▶ **WHAT TO PRODUCE**:
All lines in the records below from the line with "Legal Procedure Forensic" through the line with "Family Maker Night Crafts n' Cobwebs" are to be given again exactly, both ends included; the pictures are to be left out.

▶ **RECORDS FOR THIS EXERCISE**:
═══

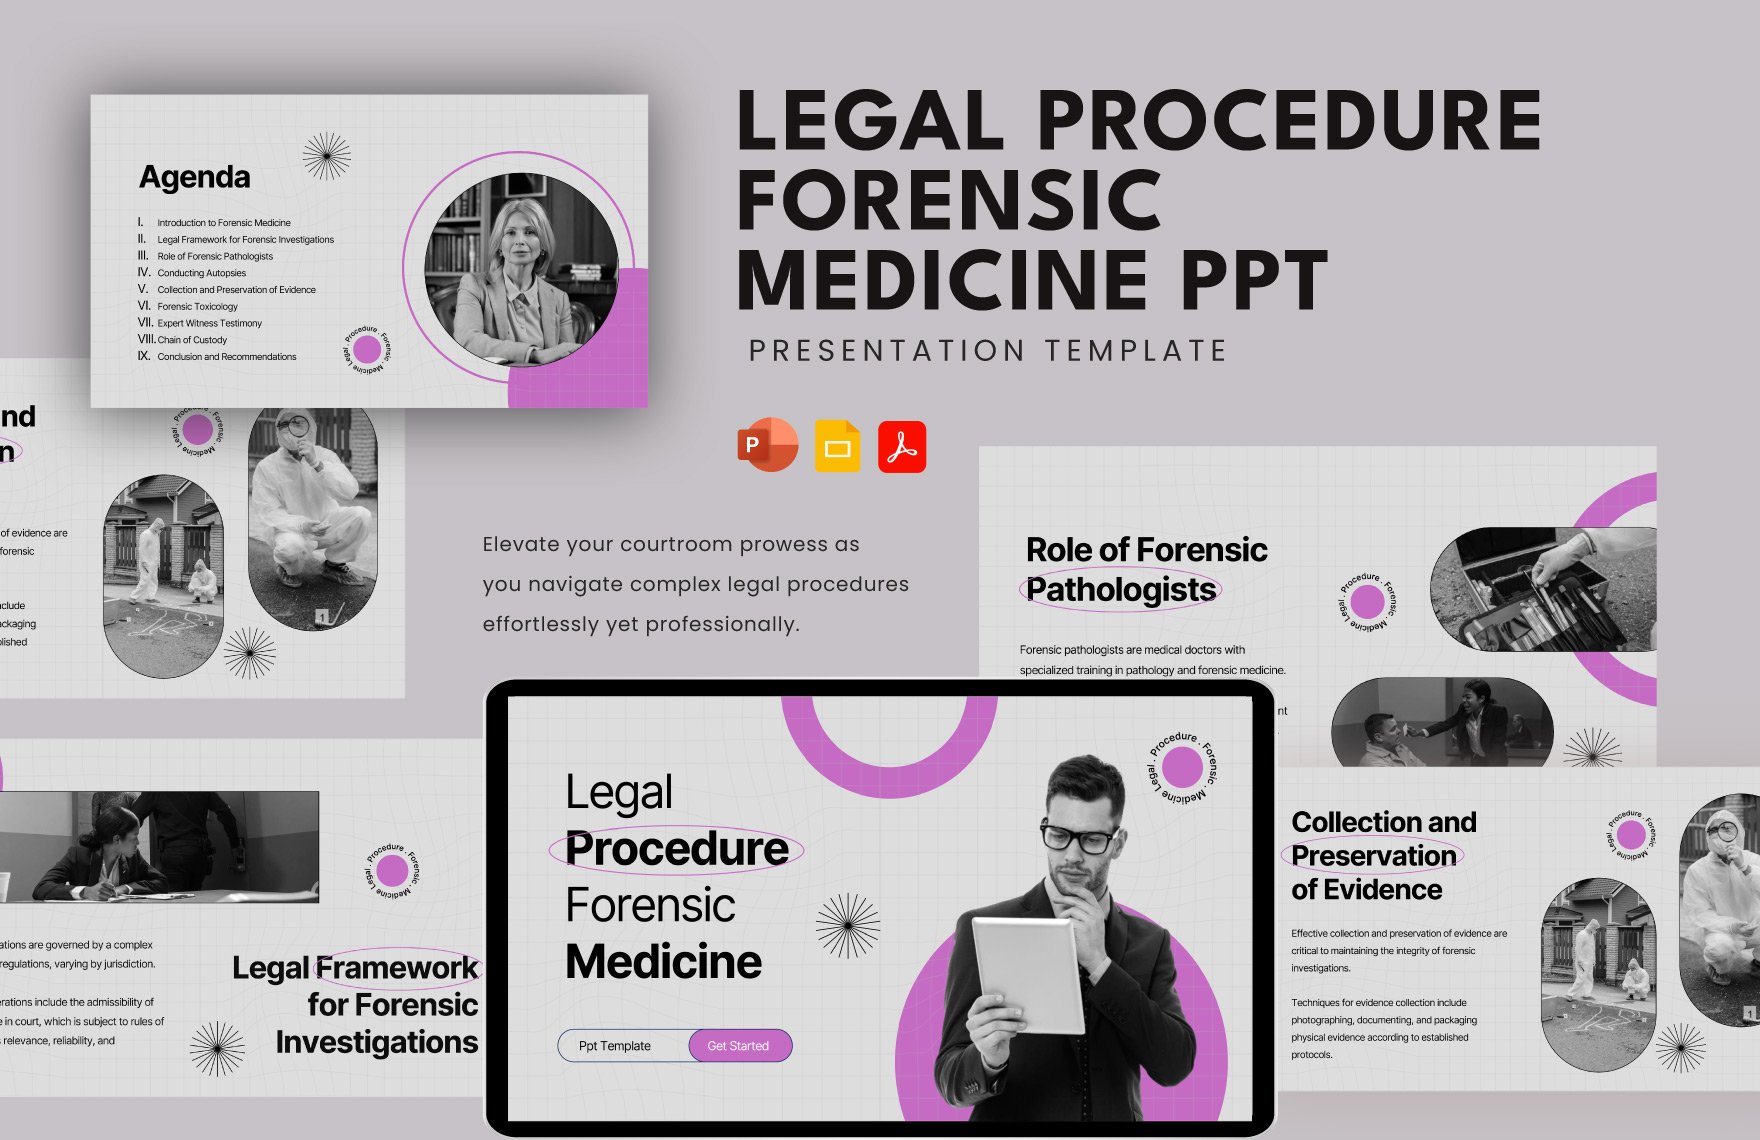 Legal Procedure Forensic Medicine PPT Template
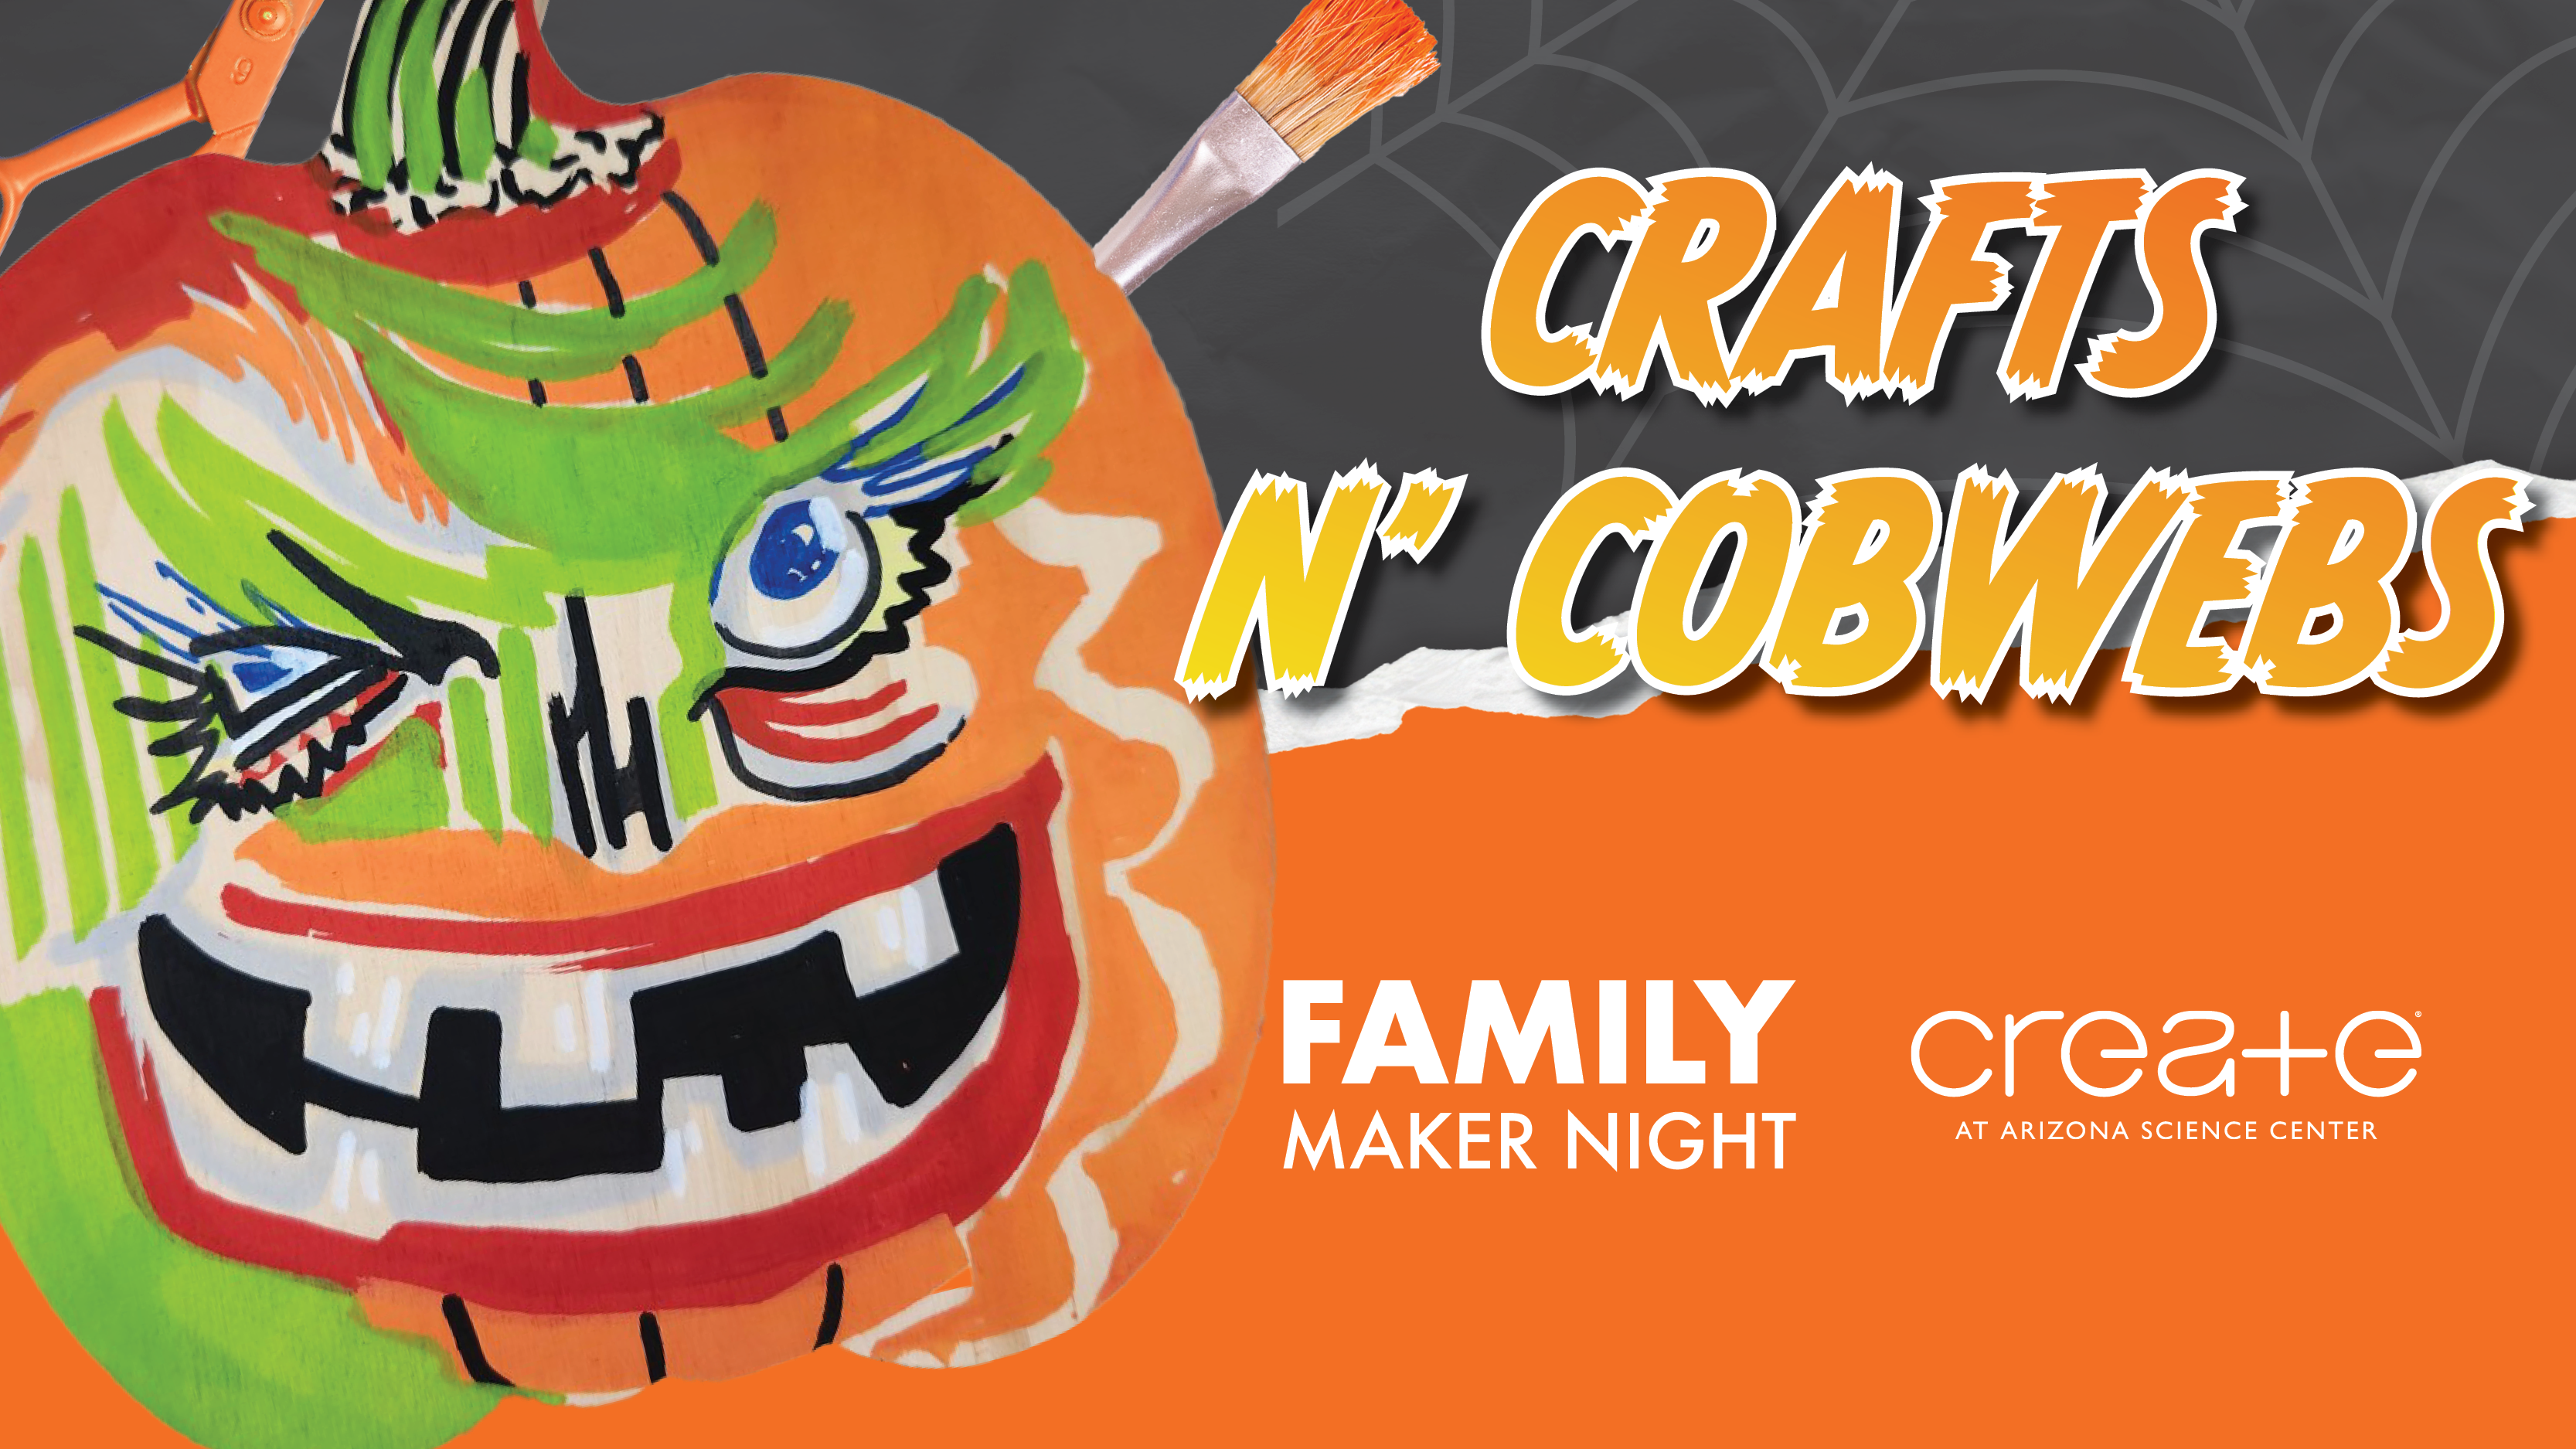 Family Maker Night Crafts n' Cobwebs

═══

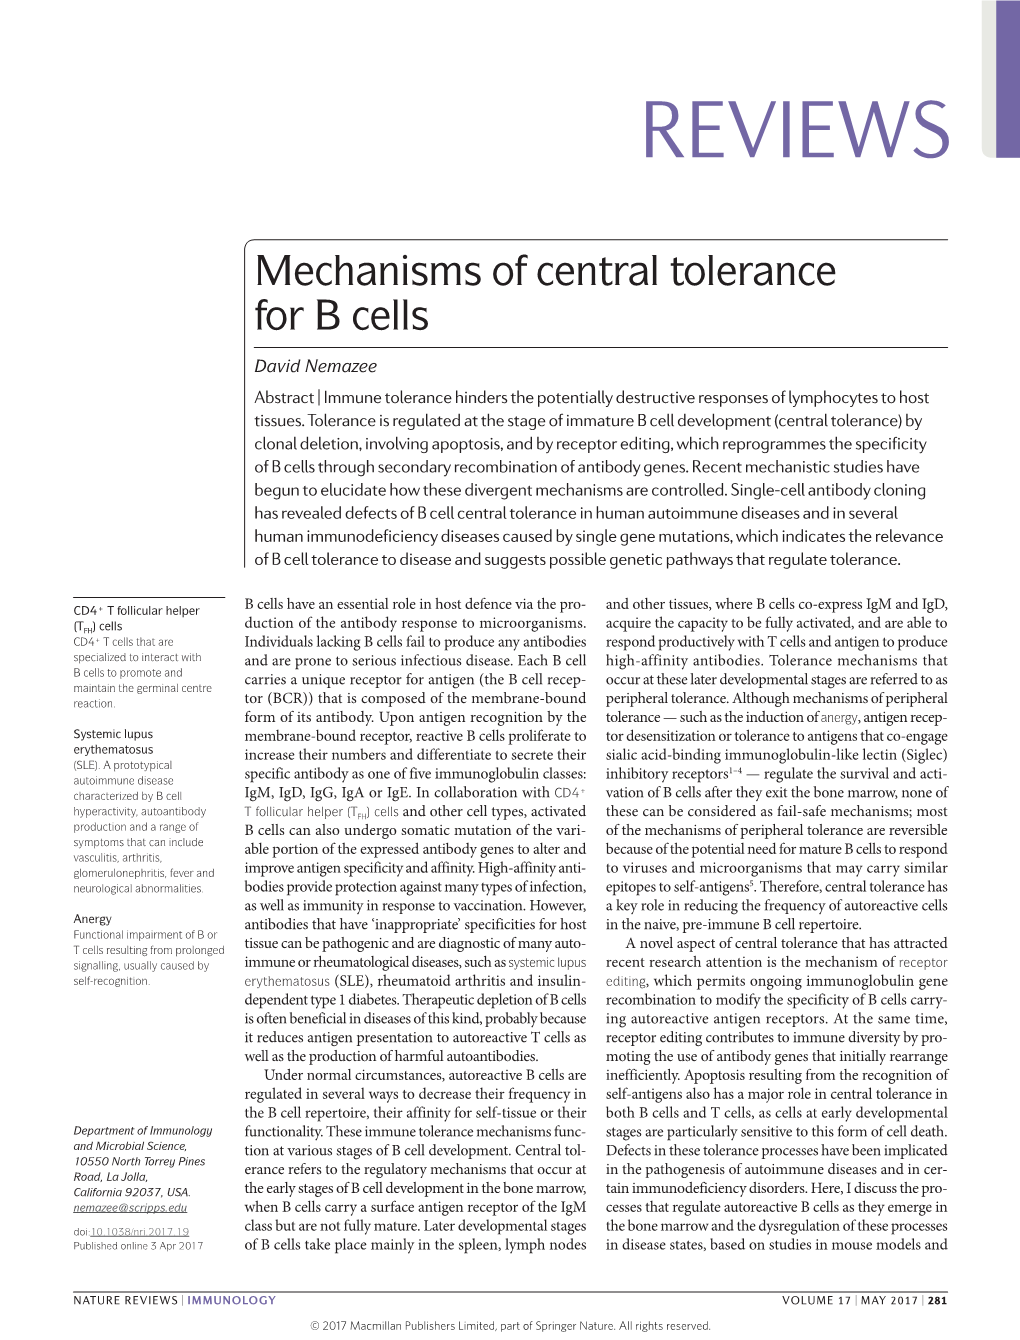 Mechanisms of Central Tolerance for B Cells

═══

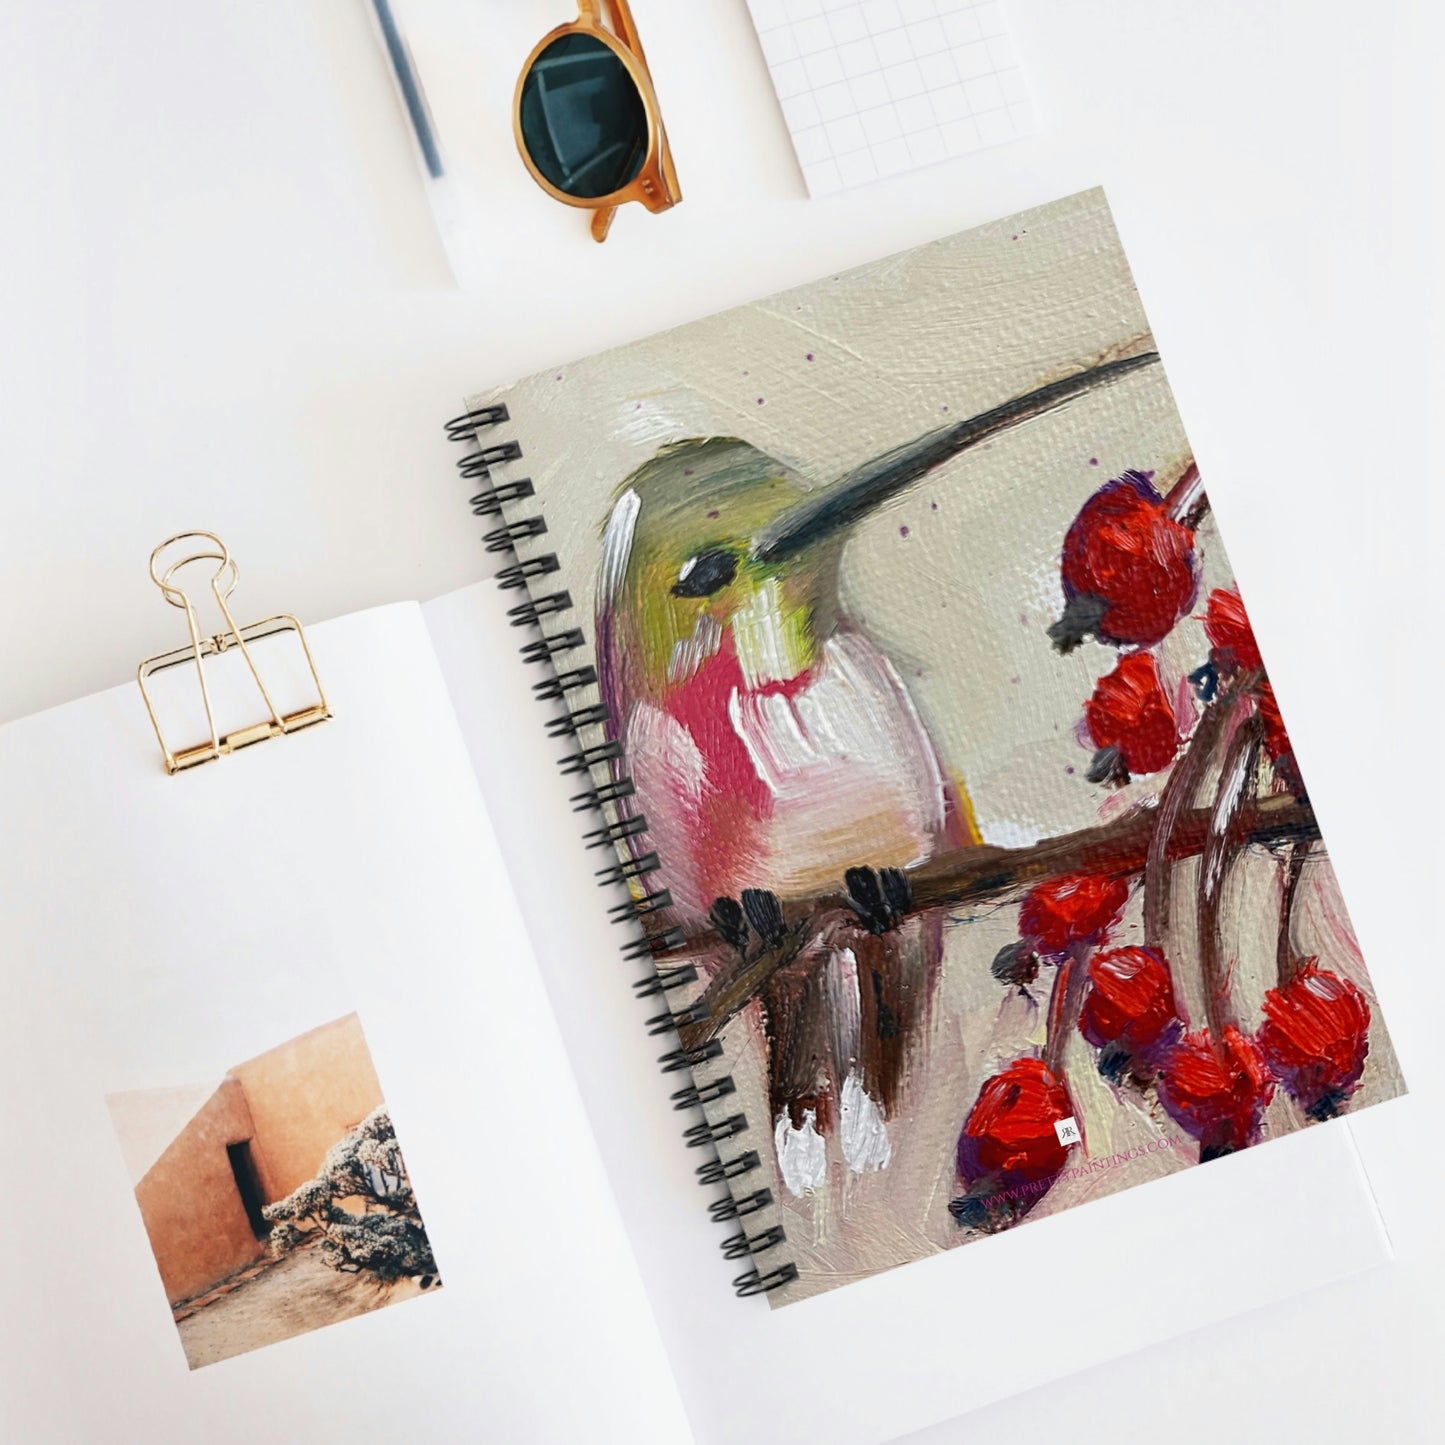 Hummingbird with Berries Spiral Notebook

═══

▶ **TASK RESULT**:
 Legal Procedure Forensic Medicine PPT Template
 Family Maker Night Crafts n' Cobwebs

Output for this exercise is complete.